• Problem requirements
When copying the data below, keep only the lines from the one with "FUNBOY's Mega Yacht" through the one with "1cb1fd6d938 Mairiboo by", word for word, and skip the pictures.
──────── Listed records ────────
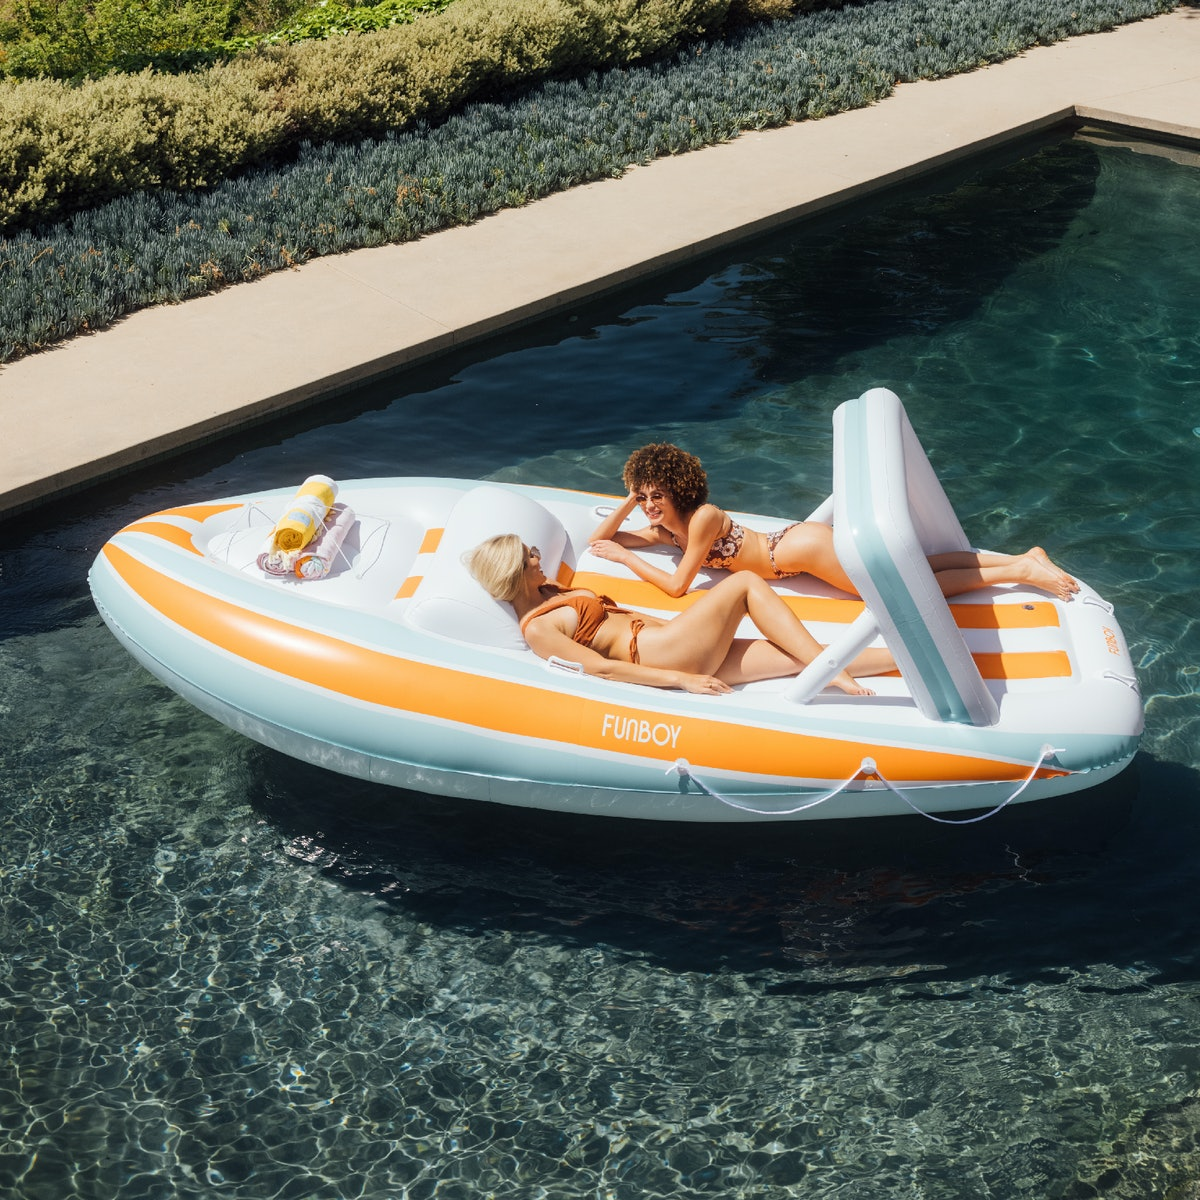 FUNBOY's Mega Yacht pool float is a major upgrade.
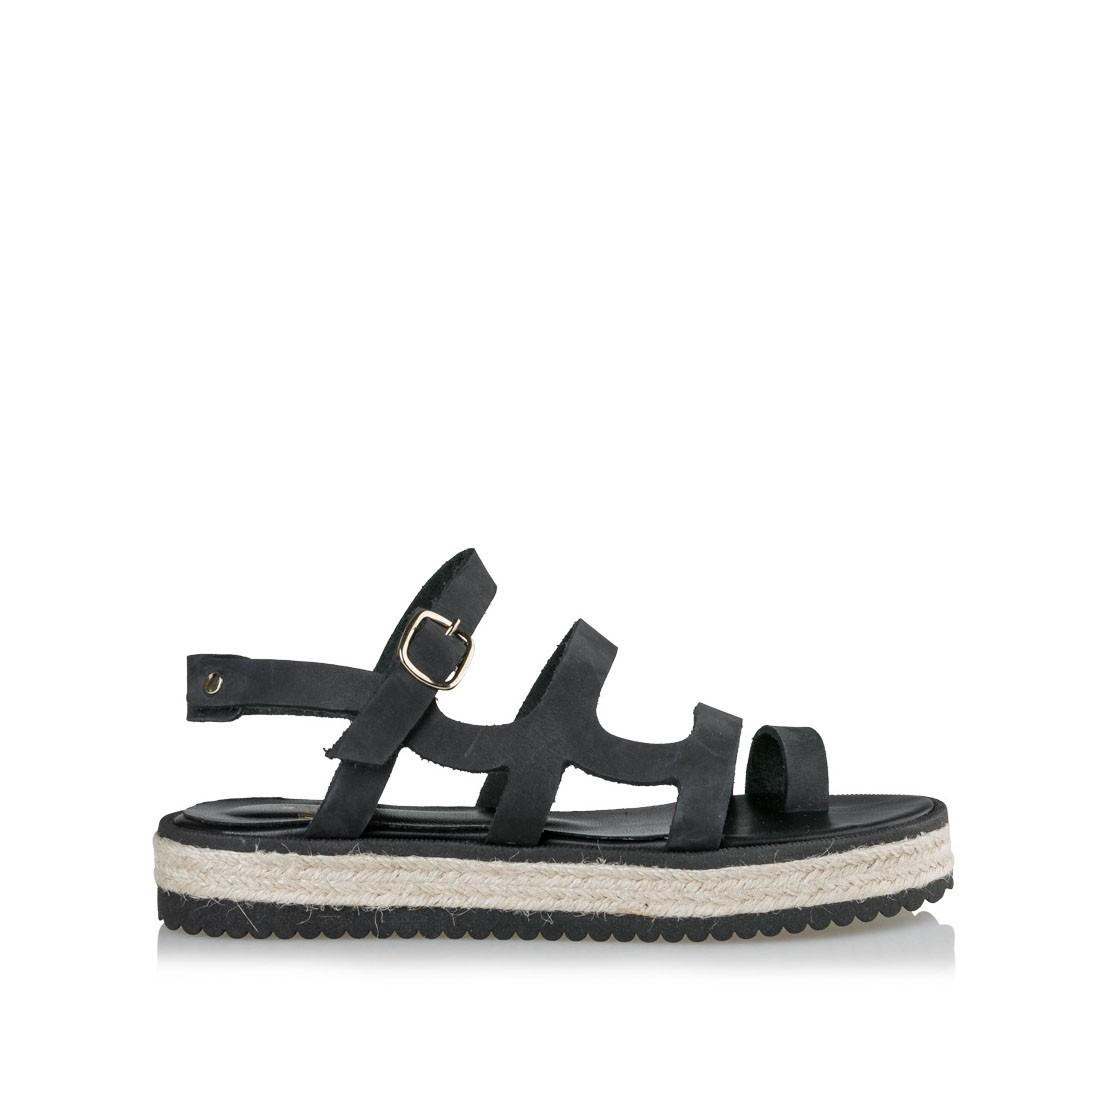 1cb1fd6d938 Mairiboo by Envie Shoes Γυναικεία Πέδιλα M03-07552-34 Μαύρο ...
────────
──────── Listed records ────────
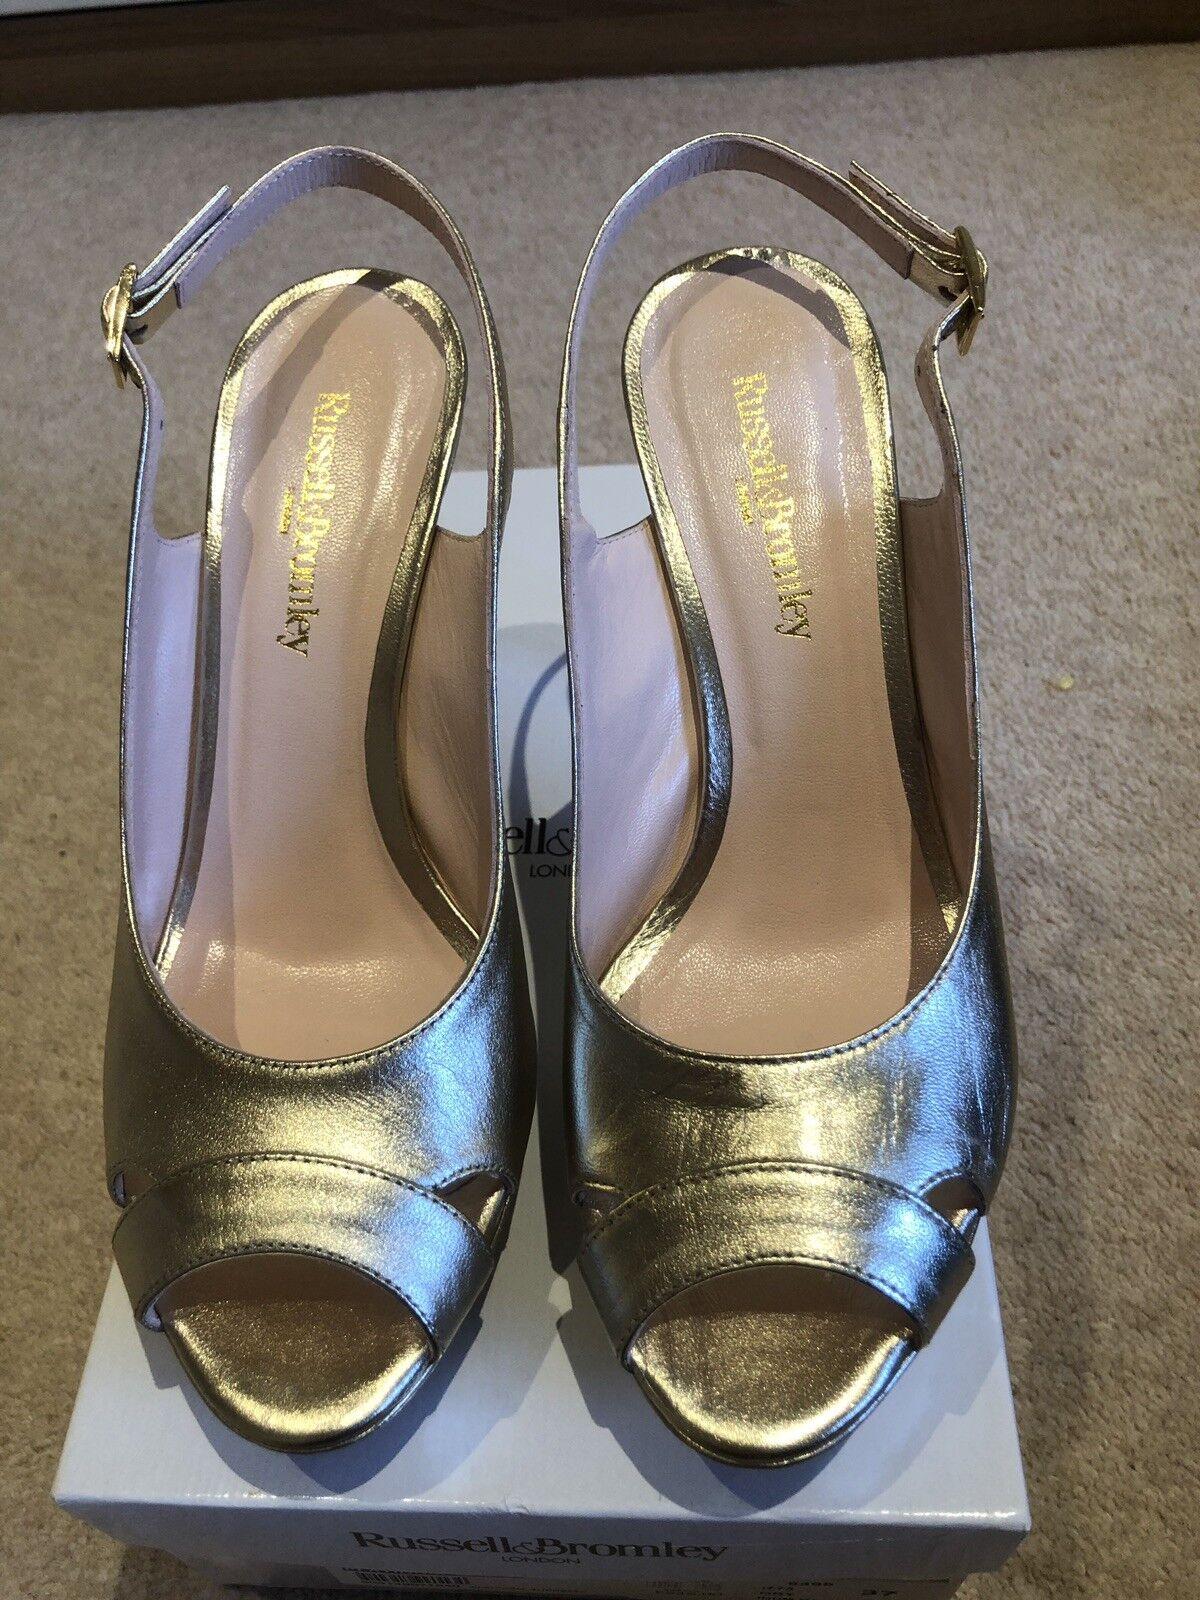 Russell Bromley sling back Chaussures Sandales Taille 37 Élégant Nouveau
────────
──────── Listed records ────────
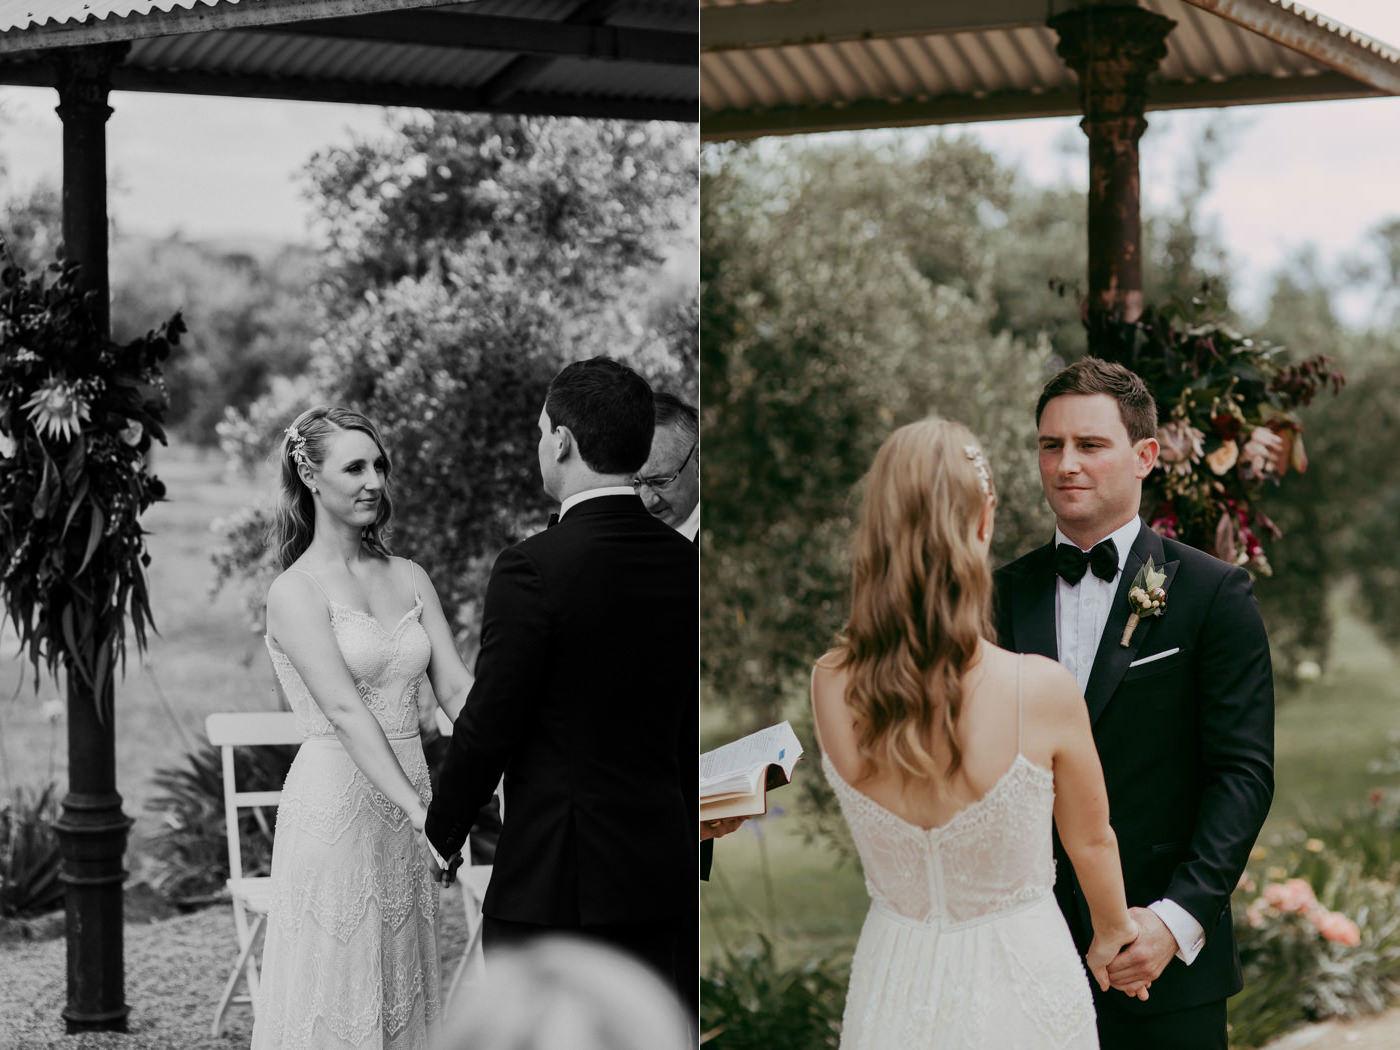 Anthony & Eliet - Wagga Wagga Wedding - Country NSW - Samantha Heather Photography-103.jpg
────────
• Output
 FUNBOY's Mega Yacht pool float is a major upgrade.
 1cb1fd6d938 Mairiboo by Envie Shoes Γυναικεία Πέδιλα M03-07552-34 Μαύρο ...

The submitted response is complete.